Is Venice during the Biennale in May hellish or magical?

Both, depending on when you arrive. The first days (May 6–8) are reserved for professionals — intense but unique in the world. From May 9, the general public floods in. If you prefer serenity, go to Venice in September–October: both exhibitions (Biennale + Abramović) are still open until late October, hotel prices have dropped 30–50%, and Venice’s autumn light is incomparable. According to the organisers, the Abramović exhibition is designed to allow visitors to truly take their time — something much easier outside the summer rush.

Which museum passes offer the best value for Amsterdam?

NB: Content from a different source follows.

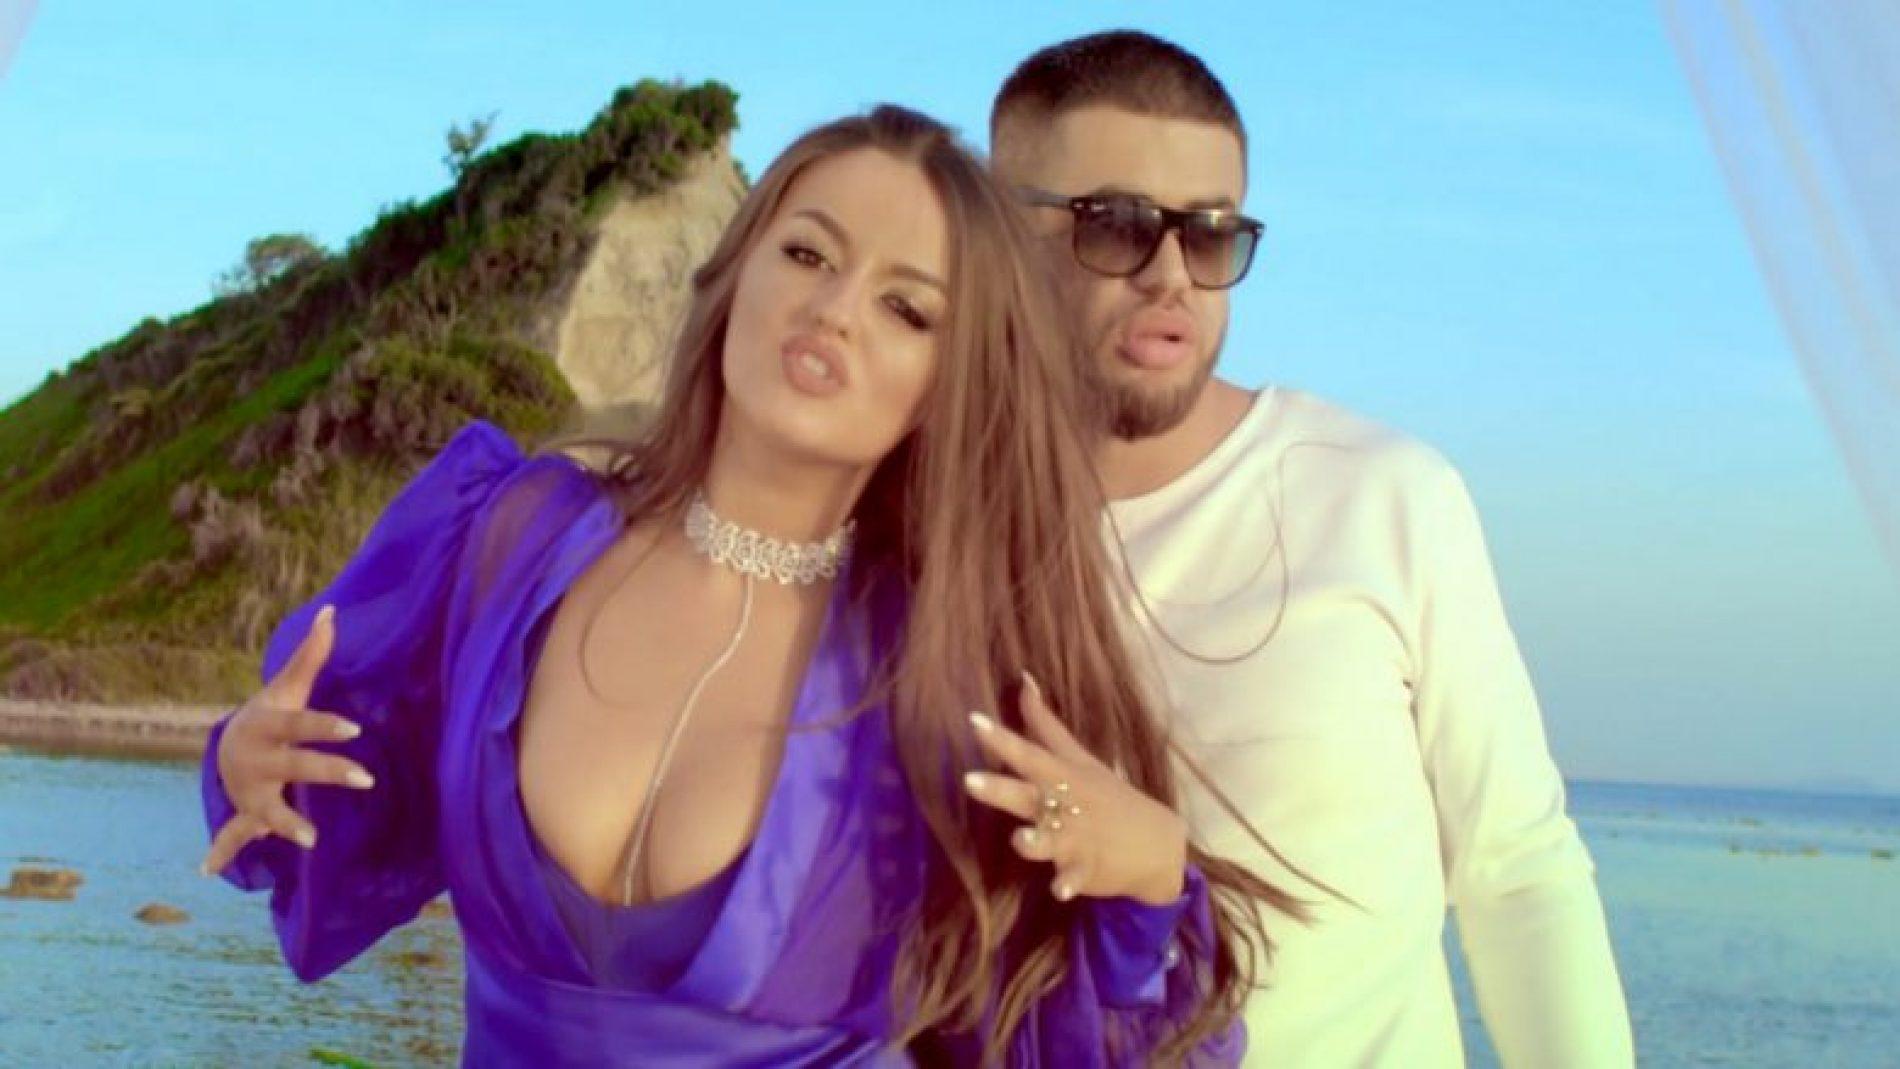 """Enca dhe Noizy mbi 30 milionë klikime me """"Bow Down"""" (Video)"""
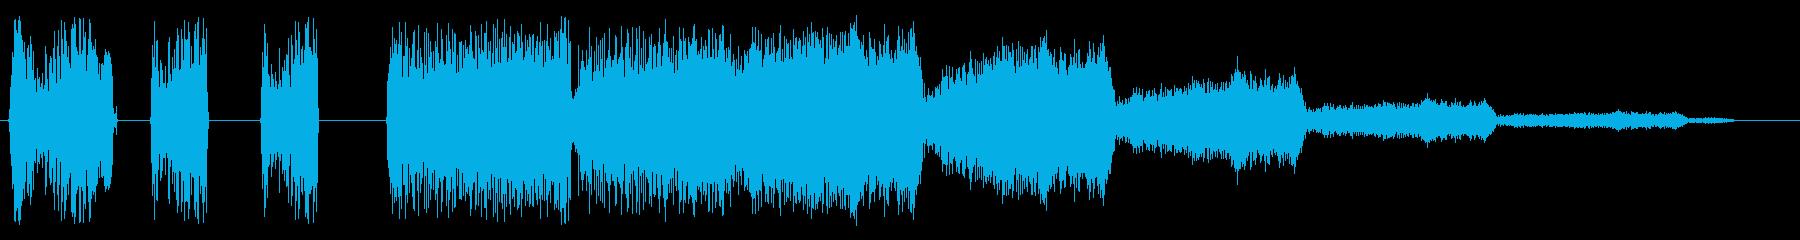 ピピピシュワンシュワンの再生済みの波形

According to Which Museum, Amsterdam offers several options: the Museumkaart (~€70/year, unlimited access to 400 Dutch museums), and the I Amsterdam City Card (24h/48h/72h/96h, covering Stedelijk + Rijksmuseum + Van Gogh Museum + unlimited public transport + a canal cruise). If you plan to visit more than 3 museums over a 48-hour stay, the I Amsterdam City Card is the most cost-effective. Children and young people up to 18 get free entry to the Stedelijk.

Will « In Minor Keys » be different from previous Biennale editions?

Yes, deliberately so. According to Designboom, In Minor Keys resists spectacle and monumentality in favour of subtlety, vulnerability and poetic persistence. If you’re looking for provocative performances or monumental « Instagram-first » installations, look elsewhere. If you want a Biennale conceived as a space for listening and care — probably the most emotionally powerful of the decade, as it is the artistic testament of Koyo Kouoh — this is it.